Given data:
-=-=-=-=-

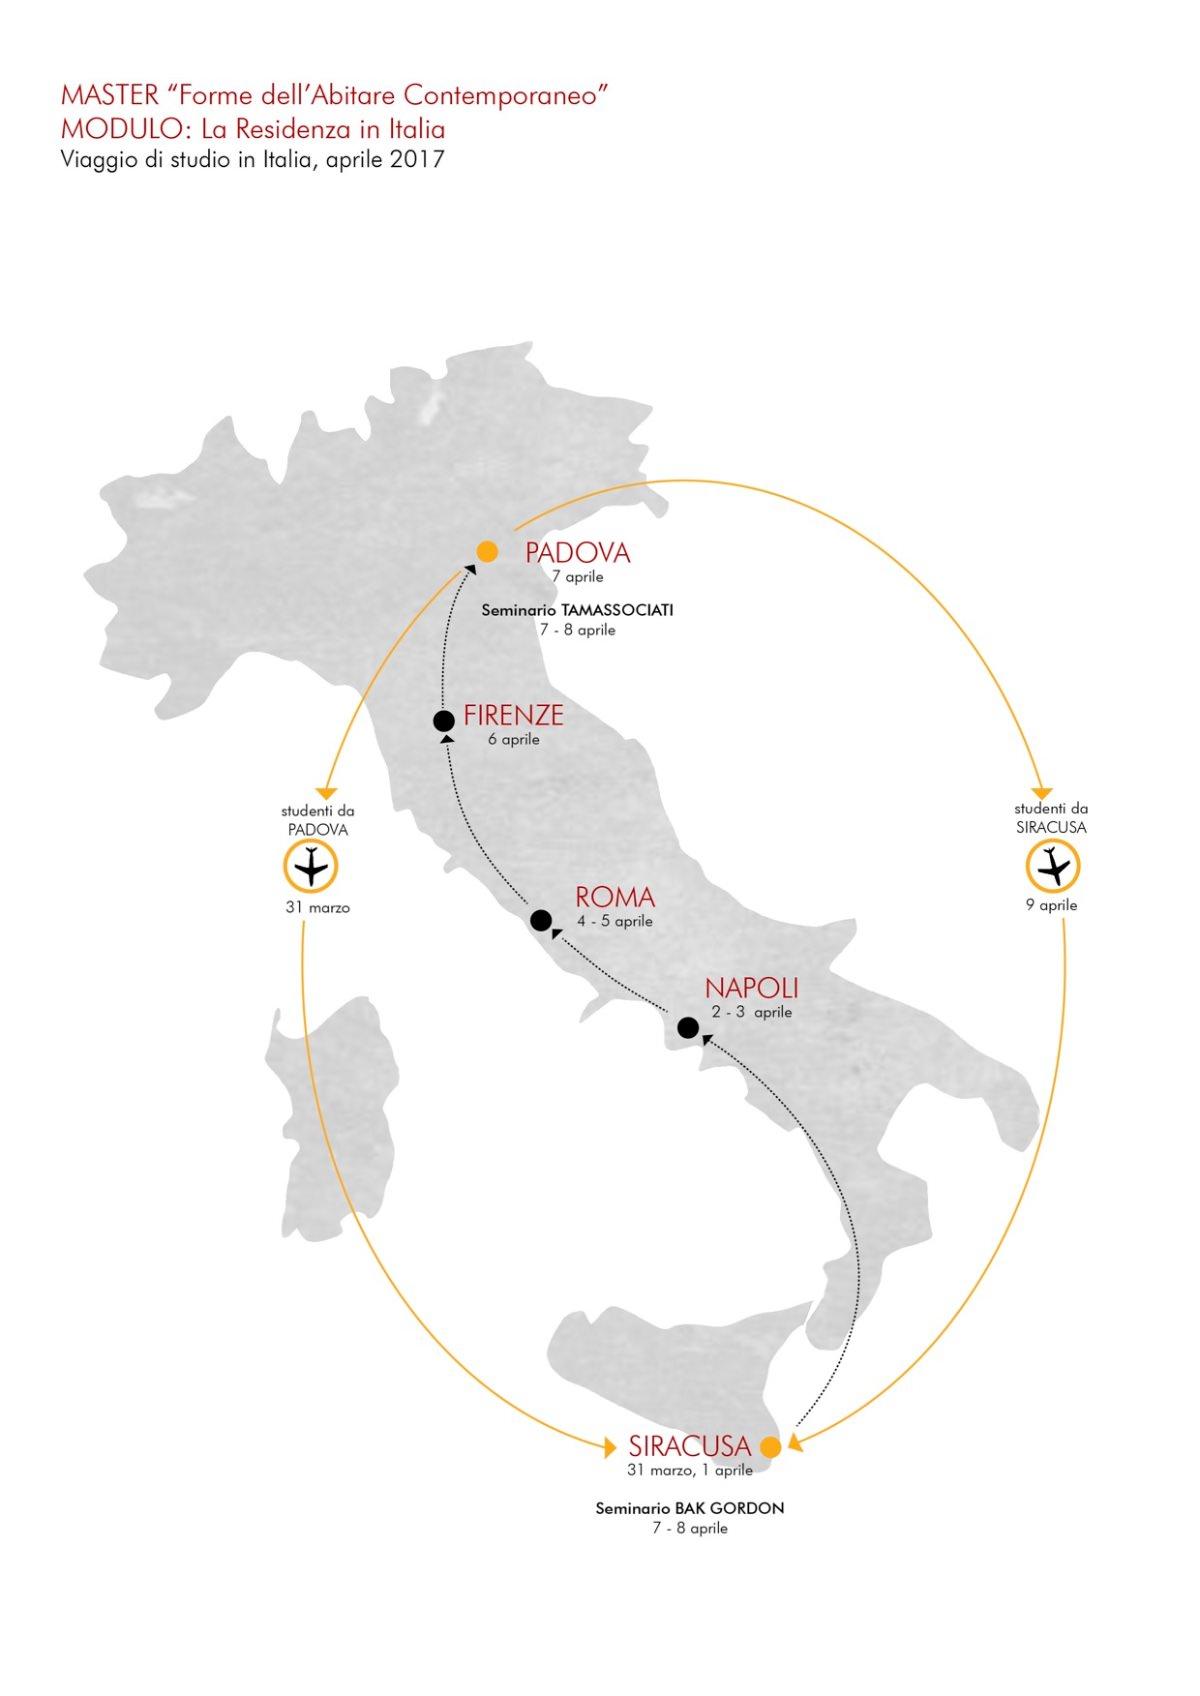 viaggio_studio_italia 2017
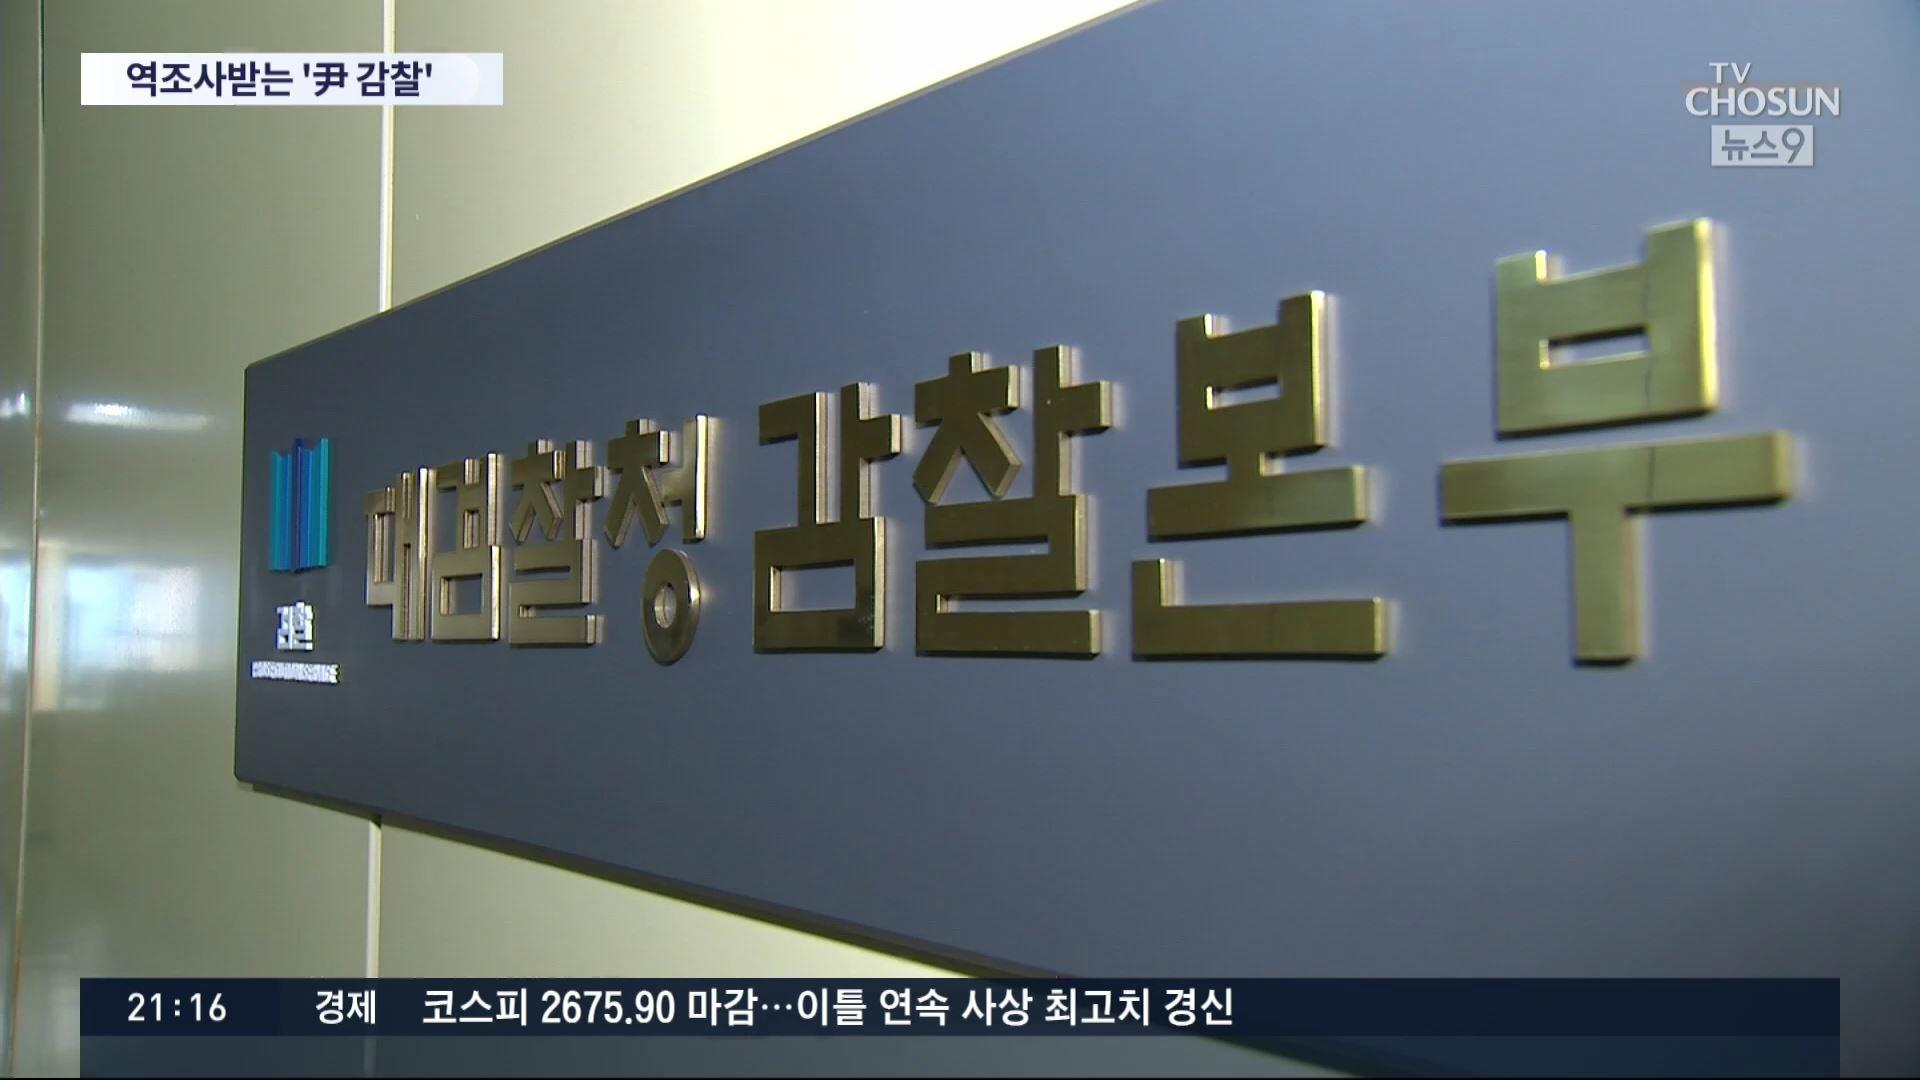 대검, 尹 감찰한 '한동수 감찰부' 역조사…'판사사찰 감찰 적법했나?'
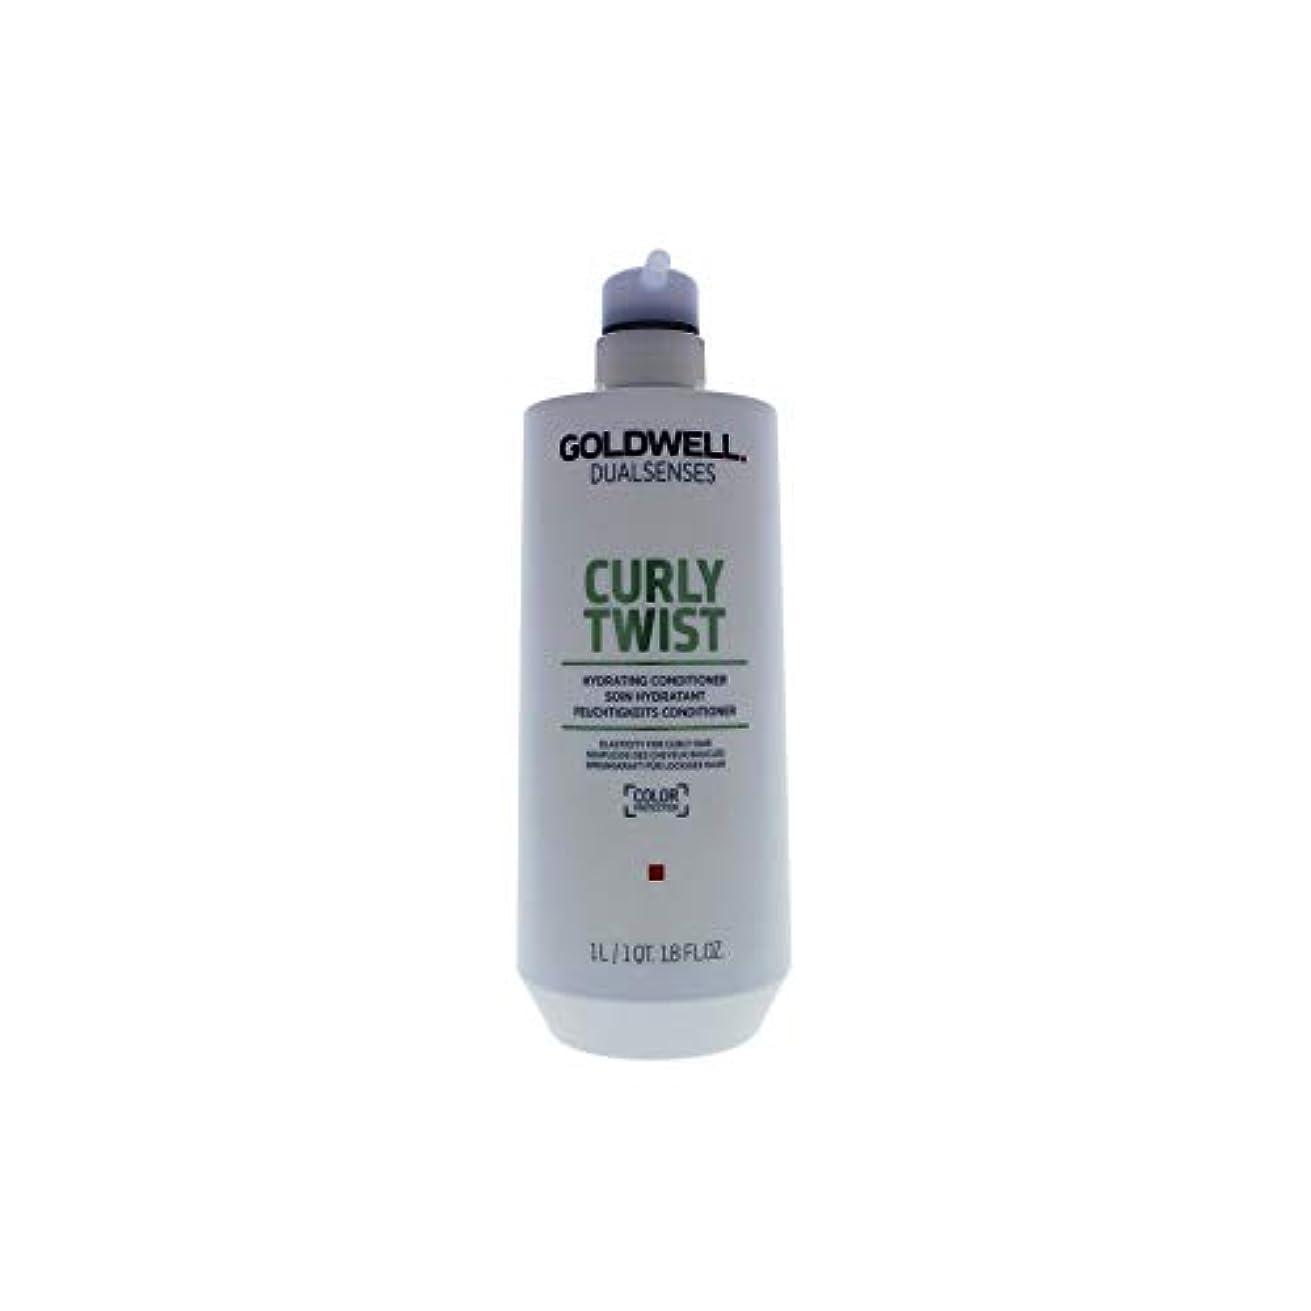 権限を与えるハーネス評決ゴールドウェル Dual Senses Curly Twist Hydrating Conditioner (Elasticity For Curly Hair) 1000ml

-=-=-=-=-

Activity: Reproduce the data word for word, excluding its pictures.

Result below:
 viaggio_studio_italia 2017
 대검, 尹 감찰한 '한동수 감찰부' 역조사…'판사사찰 감찰 적법했나?'
 権限を与えるハーネス評決ゴールドウェル Dual Senses Curly Twist Hydrating Conditioner (Elasticity For Curly Hair) 1000ml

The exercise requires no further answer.